# General switch 200 amp main with offset lug



## frenchelectrican (Mar 15, 2007)

Stacy1981 said:


> I?m needing a 200 amp main with offset lug for a HO. When I went looked at it I could hear the main sparking. Any ideas where I can get ahold of one. Type gdp 200 amp general switch. It has offset lug on bottom
> Thanks Stacy


Where did you heard the main sparking ? at the line side of breaker or interal of the breaker or main switch ?

if it was in the interal of breaker just replace it asap .,, I would not wait too long on that part.

there is offset compression pin lug to fit in the breaker to get it offset connection but really I doubt on that part.

If this one of the older load center I would rip it out and get new one.

The cost of new 200 Amp GDP breaker will cost about the same as you buy the new load centre.


----------



## Stacy1981 (Nov 12, 2017)

It?s inside the breaker. I explained cost wise was close to same not counting my labor. But they want try repair it first. And have wood heat so only 220 load is there hot water heater and dryer They said they would keep eye on it till then. So I?m looking for a main.


----------



## RePhase277 (Feb 5, 2008)

I know this says Zinsco, but does it look like this?


----------



## nrp3 (Jan 24, 2009)

If you have a part number for the main, go to the used breaker brokers online and see what they have.


----------



## Norcal (Mar 22, 2007)

One of few General Switch panels I have seen, used a Zinsco design main for 200A, some things need to die and anything Zinsco / Sylvania in particular.


----------



## sbrn33 (Mar 15, 2007)

Now way I leave a 45 year old panel in position. You are not doing your customer any favors by not changing that panel.


----------



## Stacy1981 (Nov 12, 2017)

I agree but you can not make them change it. Me being a maintenance manager and electrician I?m all about installing a new one. It?s a $500 install to swap it but they do not want to.


----------



## btharmy2 (Mar 11, 2017)

Did you get the part number for the breaker?


----------



## Stacy1981 (Nov 12, 2017)

I can text pics of it to anyone who may be able to find one. It?s a type GDP GENERAL SWICH with offset leg. 931-303-3060


----------



## Stacy1981 (Nov 12, 2017)

This is tag on it.


----------



## manchestersparky (Mar 25, 2007)

Stacy1981 said:


> It?s inside the breaker. I explained cost wise was close to same not counting my labor. But they want try repair it first. And have wood heat so only 220 load is there hot water heater and dryer They said they would keep eye on it till then. So I?m looking for a main.
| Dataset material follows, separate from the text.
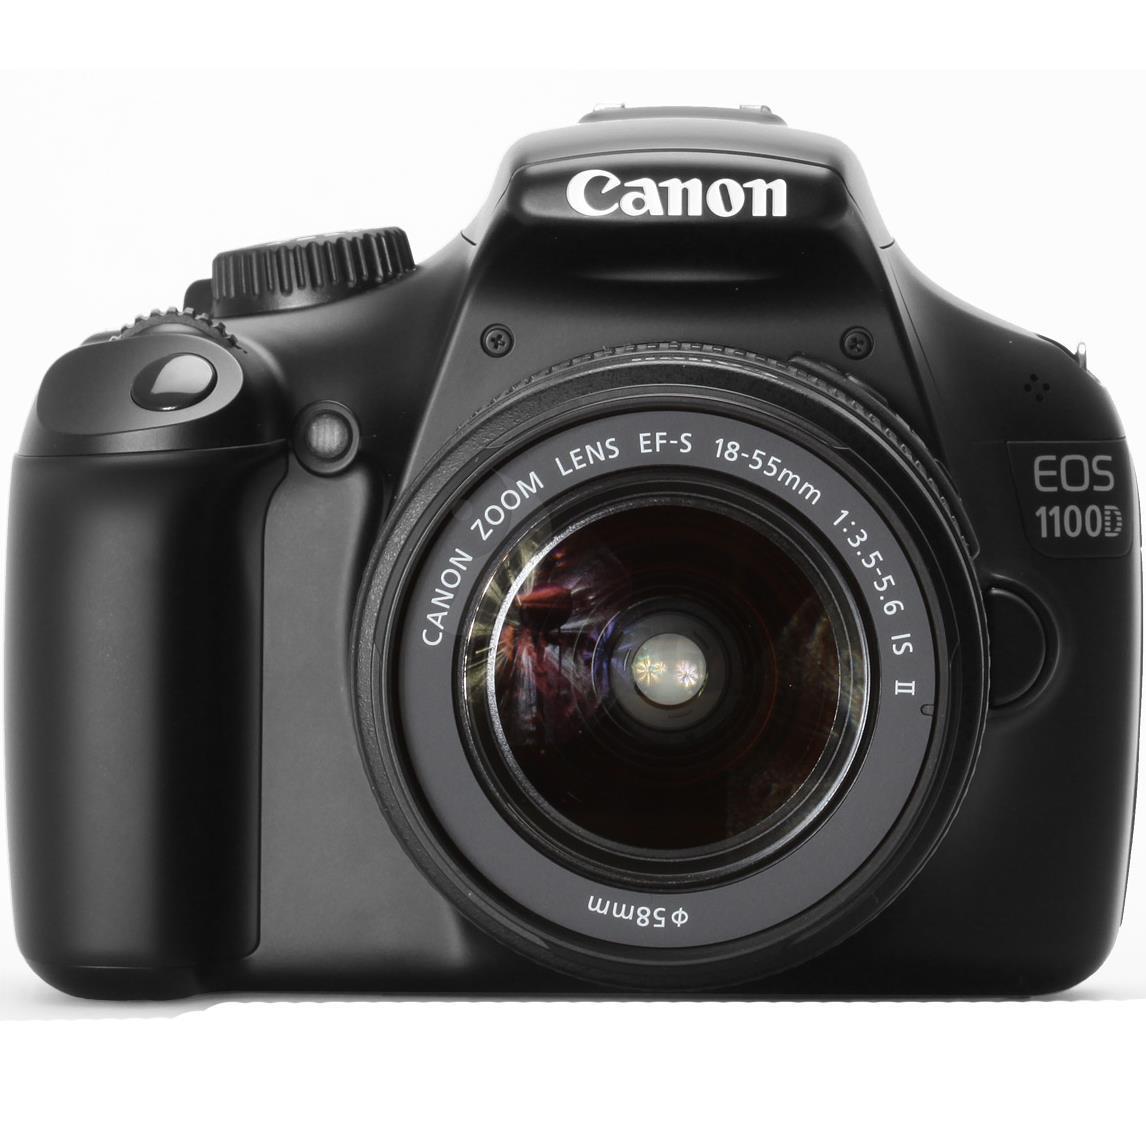 Máy ảnh Canon EOS1100 lens 18-55mm màu xám
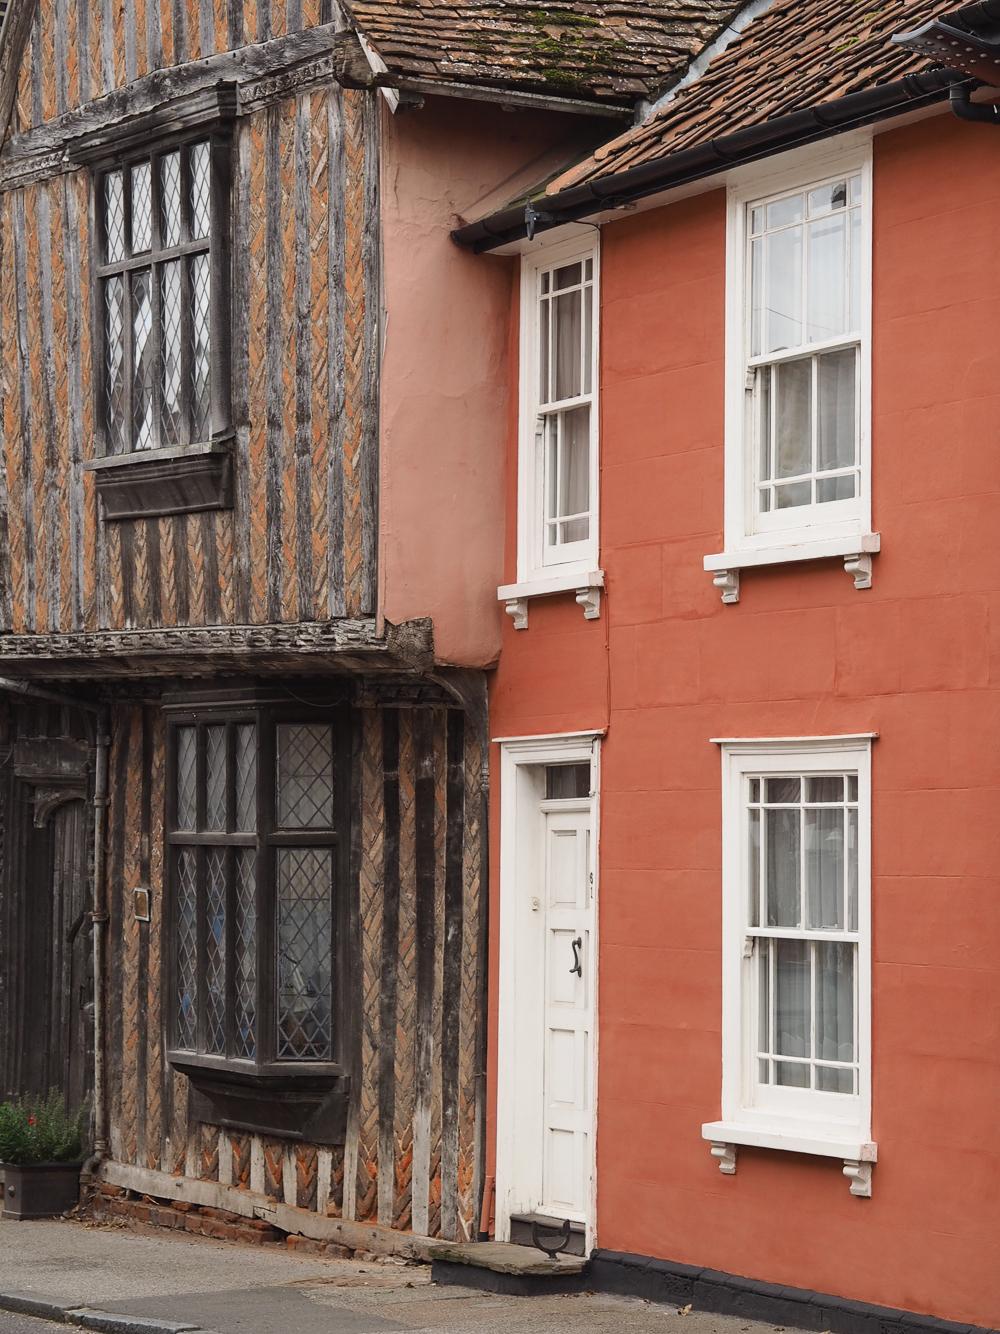 Coloured houses in Lavenham, Suffolk | Design Hunter

And when it does go to flames they are going to do what ????????????

REPLACEMENT should be the only option. When I was doing my thing I ran into situations like this. I had the home owner sign a statement that spelled out all the risks and they refused ....
Passed it off as my insurance carriers requirement


----------



## Dmax (Jan 25, 2018)

*Solution?*

Stacy1981 - Did you find a solution for your breaker issue?


----------



## Stacy1981 (Nov 12, 2017)

Yes I got it took care of. Thanks


----------



## joebanana (Dec 21, 2010)

It's good you got it taken care of but, in the future, if you can hear arcing in a breaker, or any electrical equipment, don't leave it energized.


----------